Question

complete the proof that m∠sut + m∠wxz = 180°. statement reason 1. wy∥ik given 2. ik∥tv given 3. ∠wxz≅∠ijz corresponding angles theorem 4. m∠ijz + m∠sut = 180° 5. m∠sut + m∠wxz = 180° substitution

Explanation:

Step1: Identify given parallel lines

Given $\overleftrightarrow{WY}\parallel\overleftrightarrow{IK}$ and $\overleftrightarrow{IK}\parallel\overleftrightarrow{TV}$.

Step2: Apply corresponding - angles theorem

Since $\overleftrightarrow{WY}\parallel\overleftrightarrow{IK}$, by the Corresponding Angles Theorem, $\angle WXZ\cong\angle IJZ$, so $m\angle WXZ = m\angle IJZ$.
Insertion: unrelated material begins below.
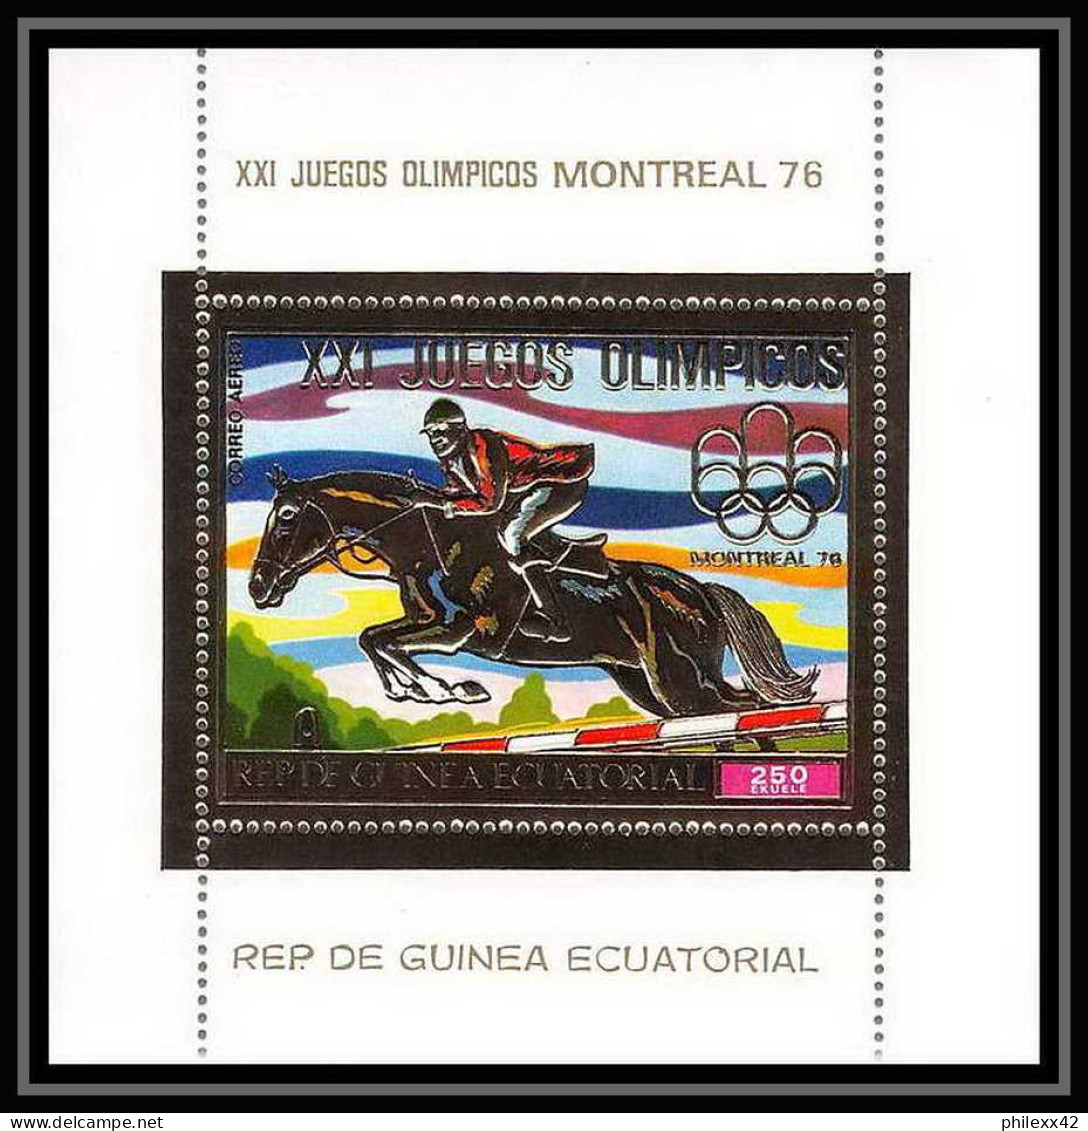 198 Guinée équatoriale Guinea Bloc N°225 OR Gold Stamps Jeux Olympiques Olympic Games 1976 Montreal Jumping Cheval - Jumping

Step3: Use linear - pair property

$\angle IJZ$ and $\angle SUT$ form a linear pair. By the Linear - Pair Postulate, $m\angle IJZ + m\angle SUT=180^{\circ}$.

Step4: Substitute

Substitute $m\angle WXZ$ for $m\angle IJZ$ in the equation $m\angle IJZ + m\angle SUT = 180^{\circ}$. We get $m\angle SUT + m\angle WXZ=180^{\circ}$.

Answer:

The proof is completed as shown above, using the given parallel - line information, the Corresponding Angles Theorem, the Linear - Pair Postulate, and substitution to show that $m\angle SUT + m\angle WXZ = 180^{\circ}$.